**Data section**
━━━━━━━━━━
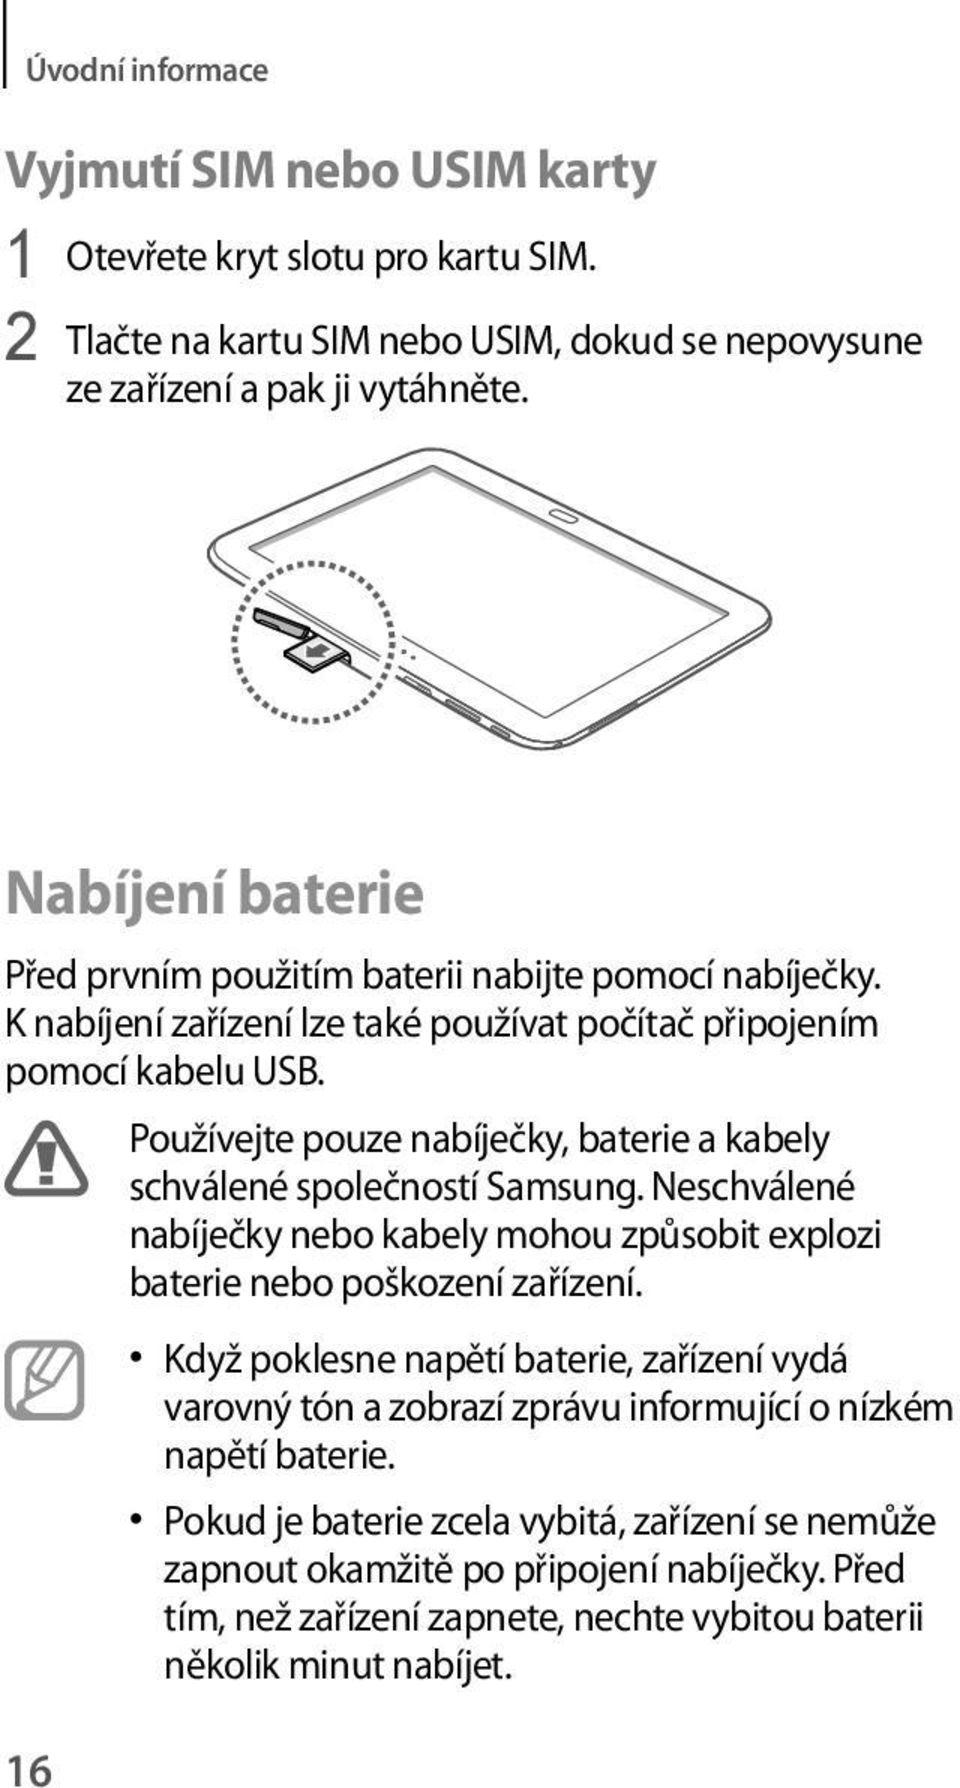 16 Používejte pouze nabíječky, baterie a kabely schválené společností Samsung. Neschválené nabíječky nebo kabely mohou způsobit explozi baterie nebo poškození zařízení.
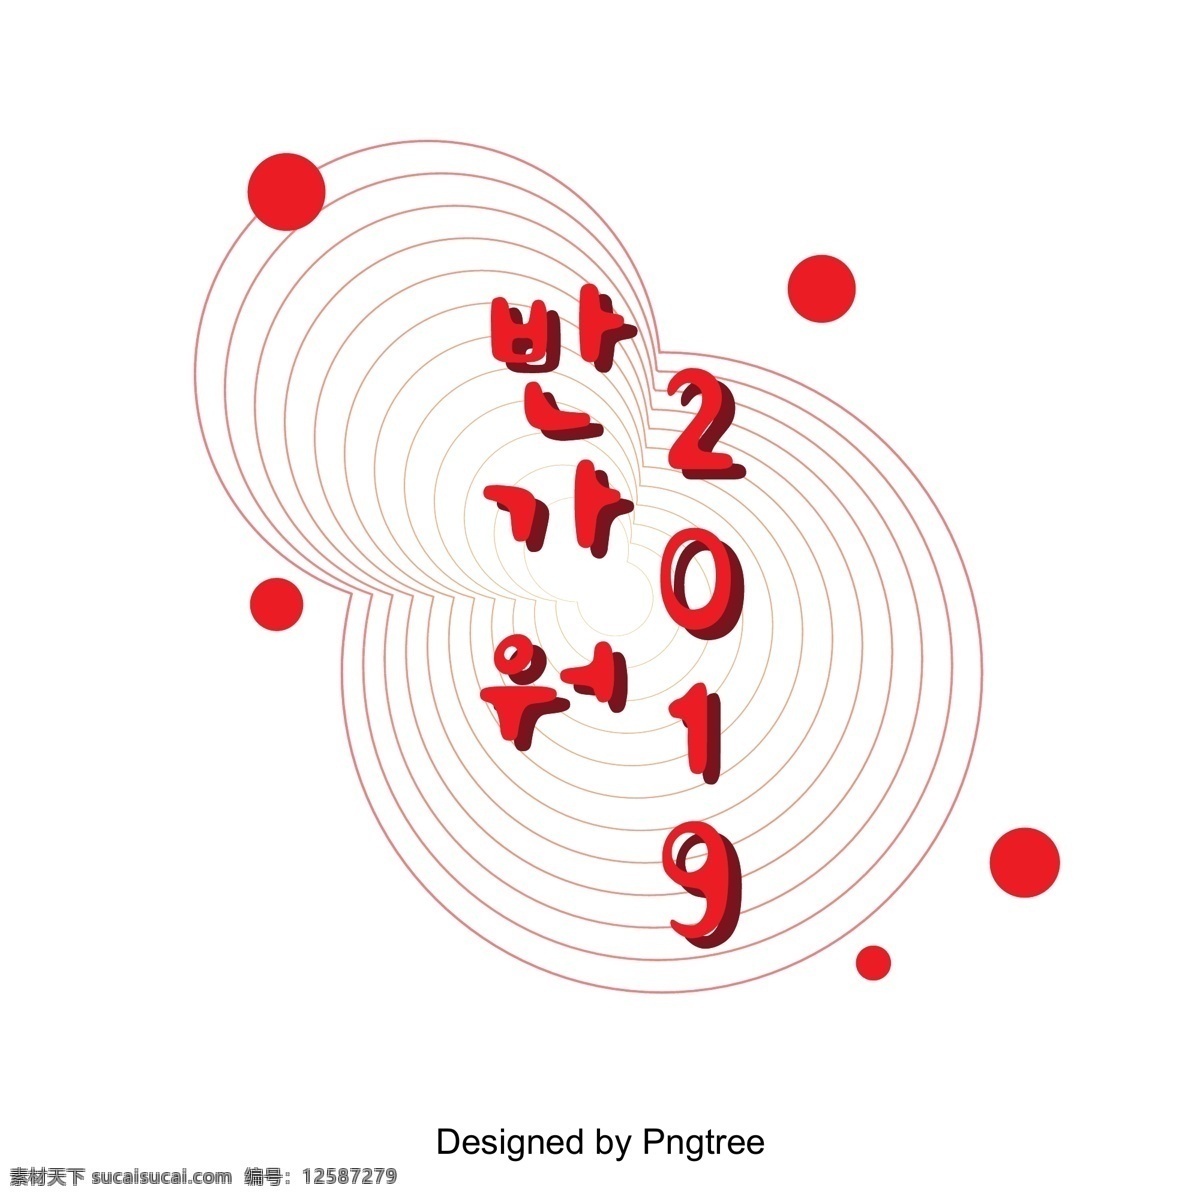 很 高兴 见到 2019 红色 原型 前 场景 年 圆 几何 禅 韩文 现场 字形
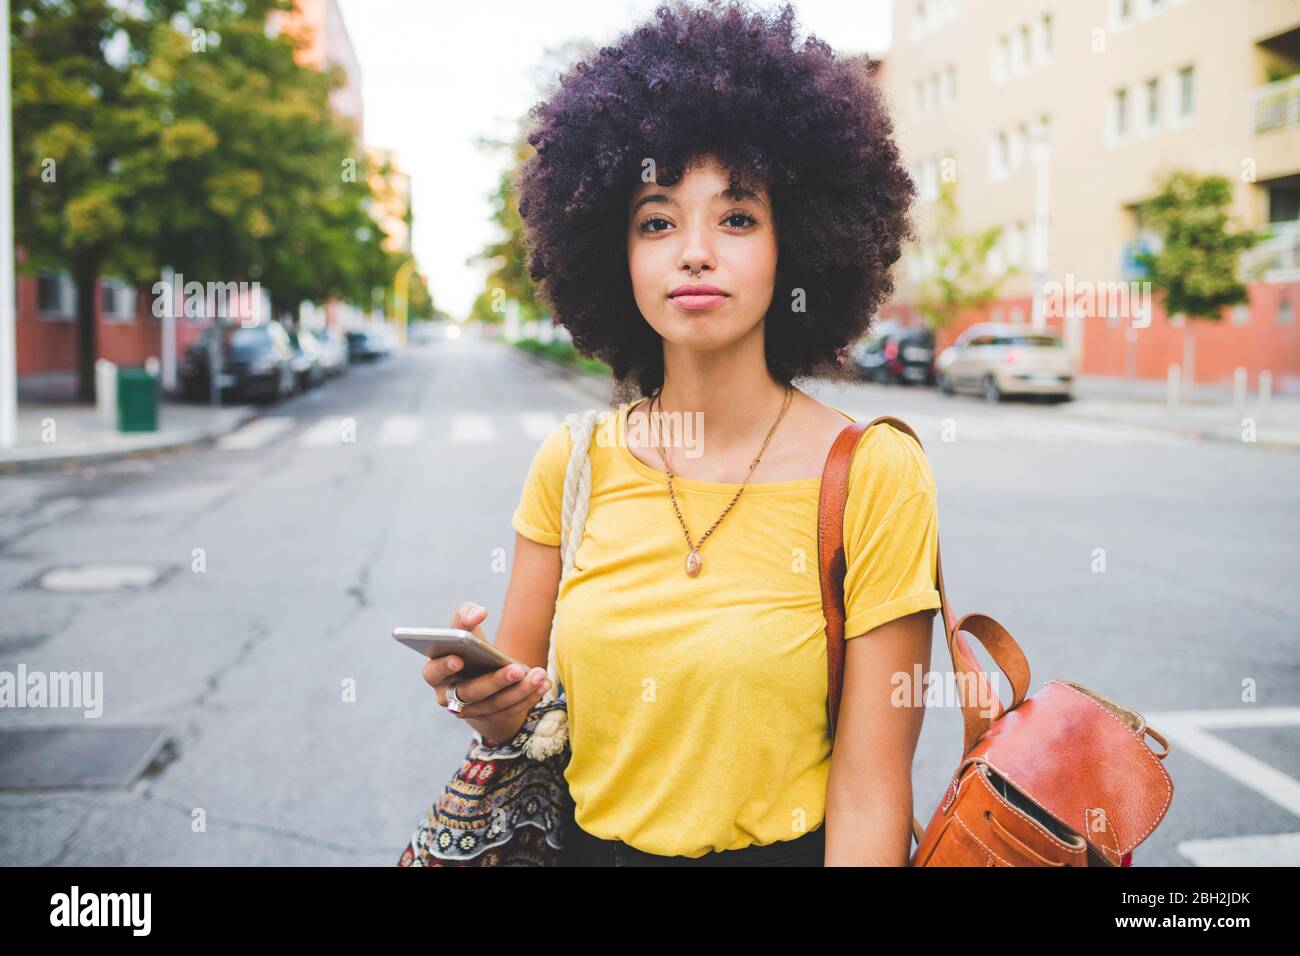 Porträt einer selbstbewussten jungen Frau mit Afro-Frisur in der Stadt Stockfoto
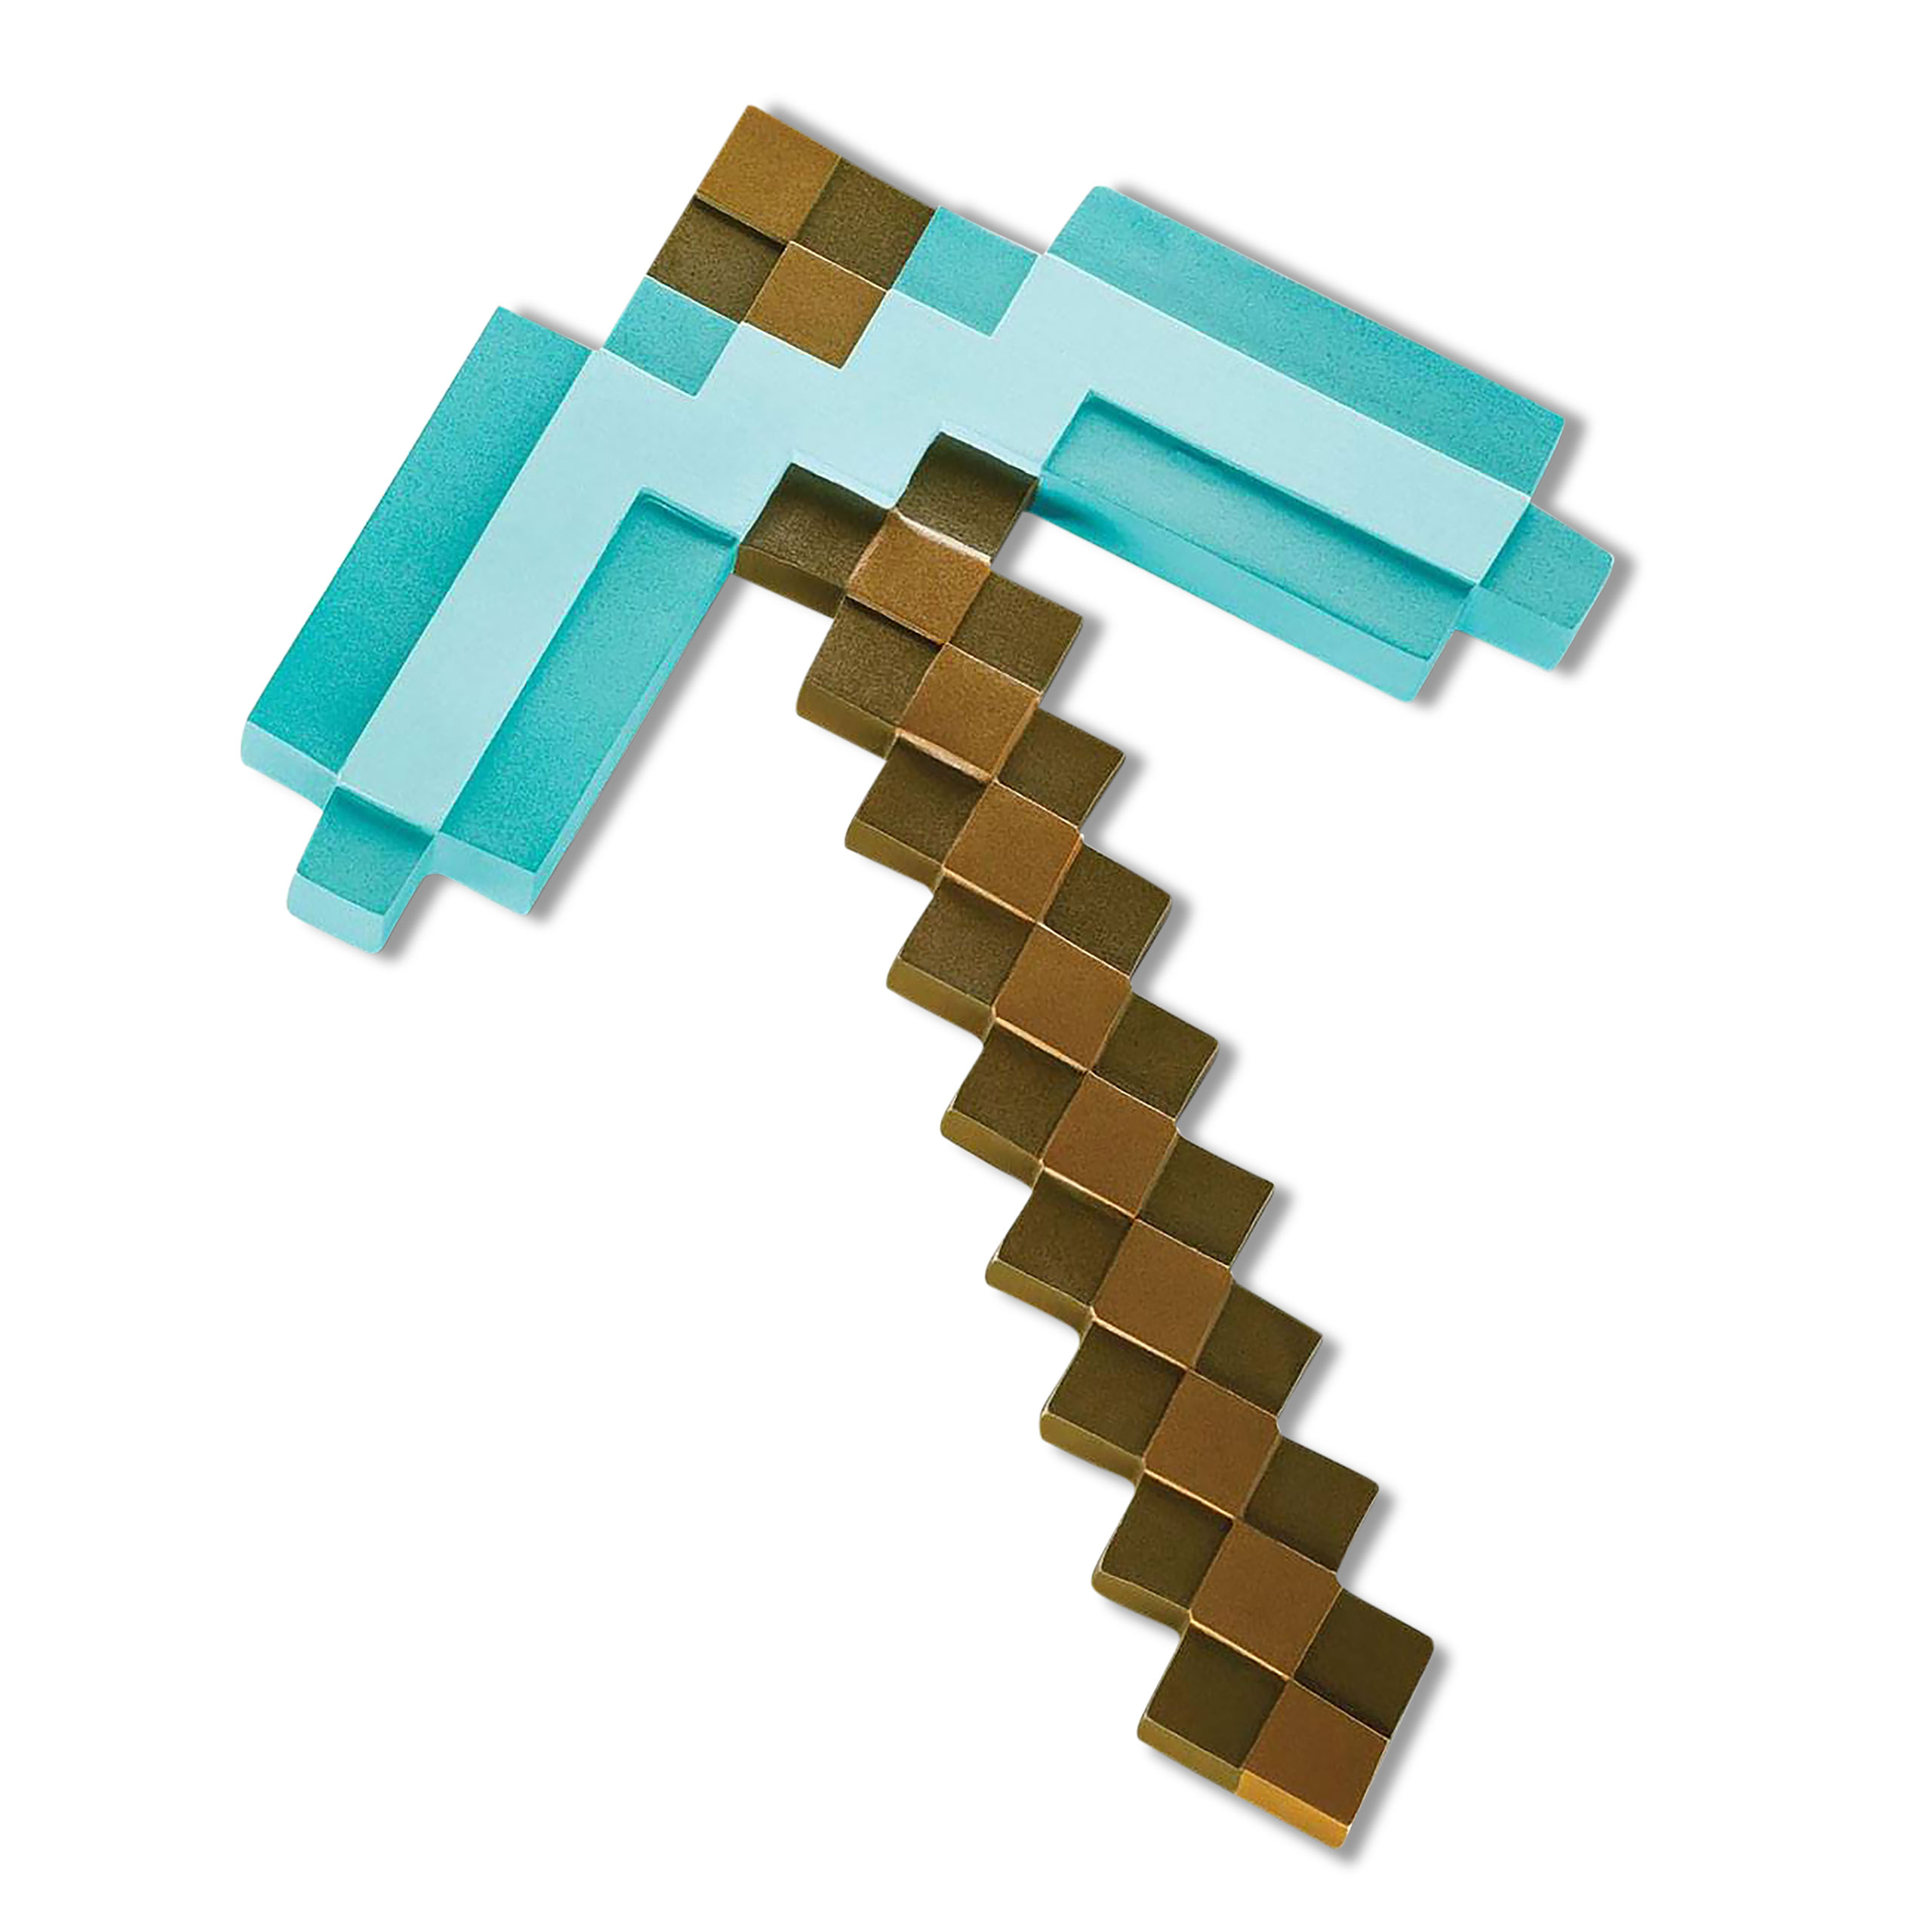 Minecraft - Diamond Pickaxe Foam Replica
━━━━━━━━━━
**Work instruction**
Copy out all of the material exactly as written, without its pictures.

**Worked solution**
 16 Používejte pouze nabíječky, baterie a kabely schválené společností Samsung. Neschválené nabíječky nebo kabely mohou způsobit explozi baterie nebo poškození zařízení.
 很 高兴 见到 2019 红色 原型 前 场景 年 圆 几何 禅 韩文 现场 字形
 Porträt einer selbstbewussten jungen Frau mit Afro-Frisur in der Stadt Stockfoto
 Minecraft - Diamond Pickaxe Foam Replica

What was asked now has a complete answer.